Veio como um baque surdo para todo mundo. A pesquisa Retratos da Leitura, à beira do final do ano, sacramentou algo que já era sentido por quem trabalha com livros —o Brasil tem cada vez menos gente que lê.

Foi uma queda de quase 7 milhões de pessoas em cinco anos entre as que responderam ter lido algum livro nos últimos três meses. Como disse na ocasião José Castilho Marques Neto, referência nacional em política de leitura, é uma diminuição em ritmo hemorrágico, que assusta à primeira vista. Mas não foi algo que aconteceu de um dia para o outro.

Representa, na verdade, o acumulado de reveses que incluem a fissura cada vez maior dos brasileiros por telas de celulares, a derrocada de grandes livrarias e governos que, na visão do setor, transitaram entre o desmonte e a paralisia de políticas de fomento à leitura desde o governo de Michel Temer, do MDB.

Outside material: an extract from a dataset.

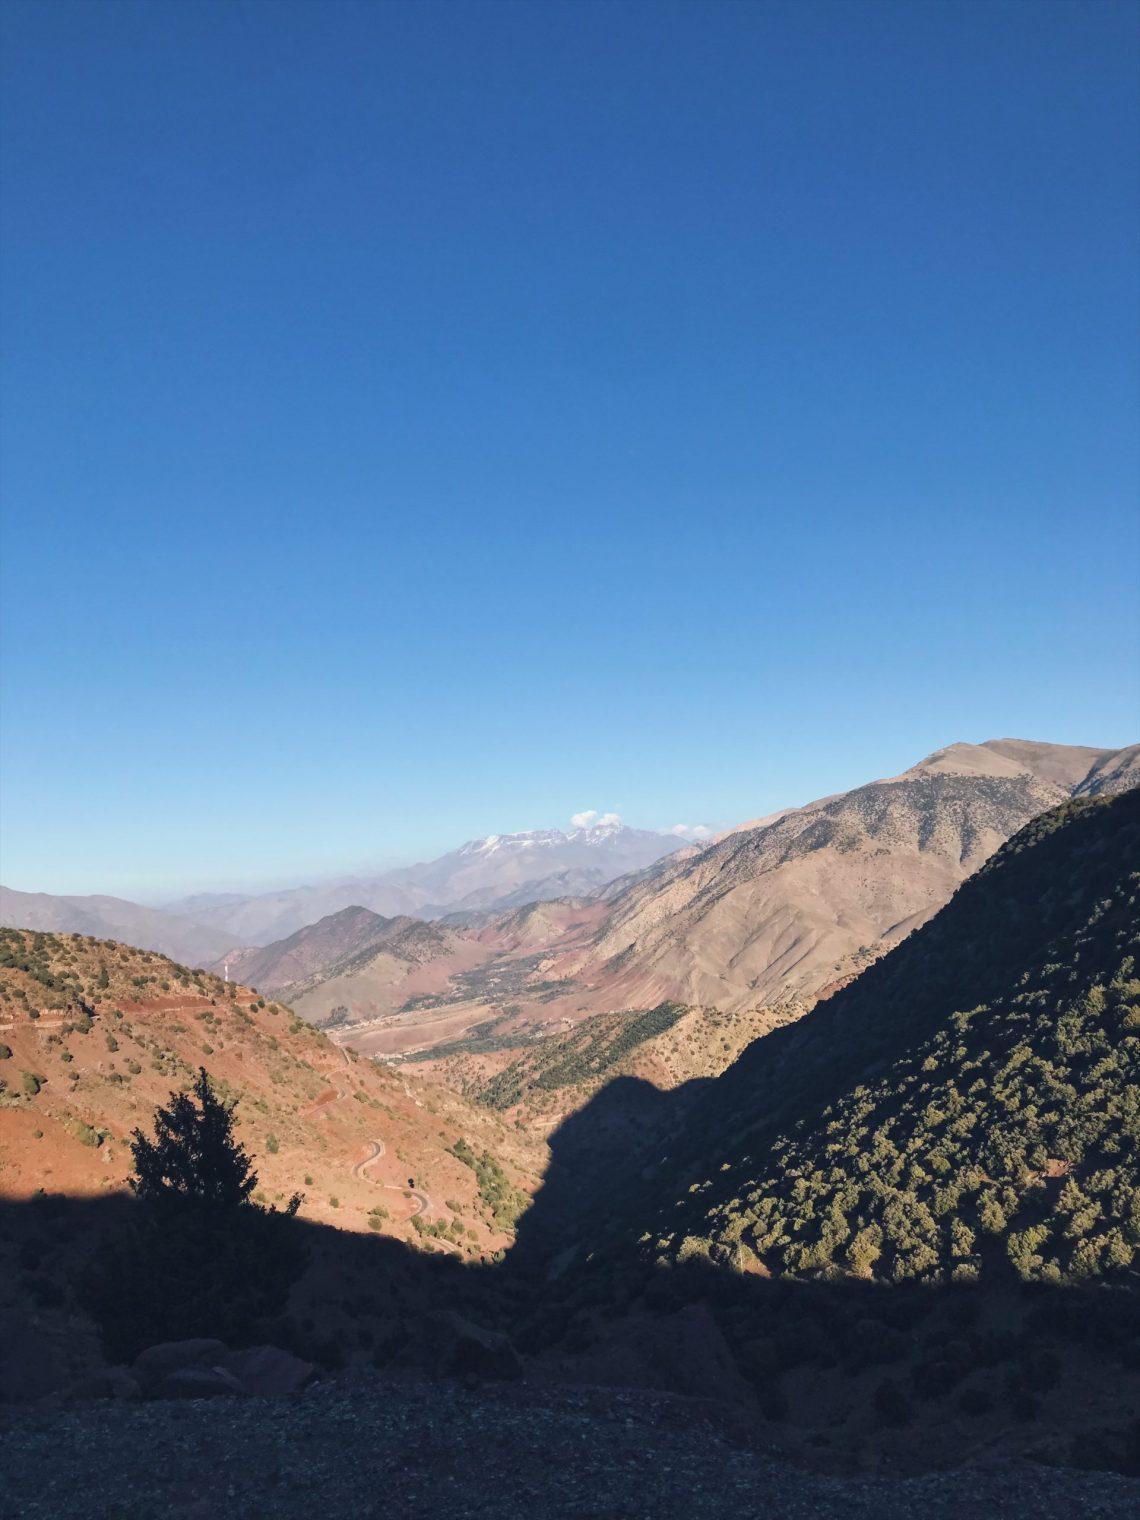 Voyage au Maroc Tizi-n-Test vue panoramique Toubkal

Em setembro, veio à tona por esta Folha a informação de que os editais de compras de obras didáticas e paradidáticas pelo governo Lula, do PT, que se elegeu prometendo “trocar armas por livros”, estavam anos atrasados e prejudicavam não só estudantes como as contas das editoras.

Por outro lado, foi este governo também que deu o relevante passo, na Bienal do Livro de São Paulo, de assinar o decreto que regulamenta a lei do Plano Nacional do Livro e da Leitura, estagnado havia seis anos. Os avanços começam, ao menos, a engatinhar.

É relevante sublinhar que a somatória de crises não é nova —recente é a mobilização em uníssono do mercado editorial para avançar medidas políticas que enxergam como soluções, caso deste plano federal com potencial de impulsionar ações para formação de leitores.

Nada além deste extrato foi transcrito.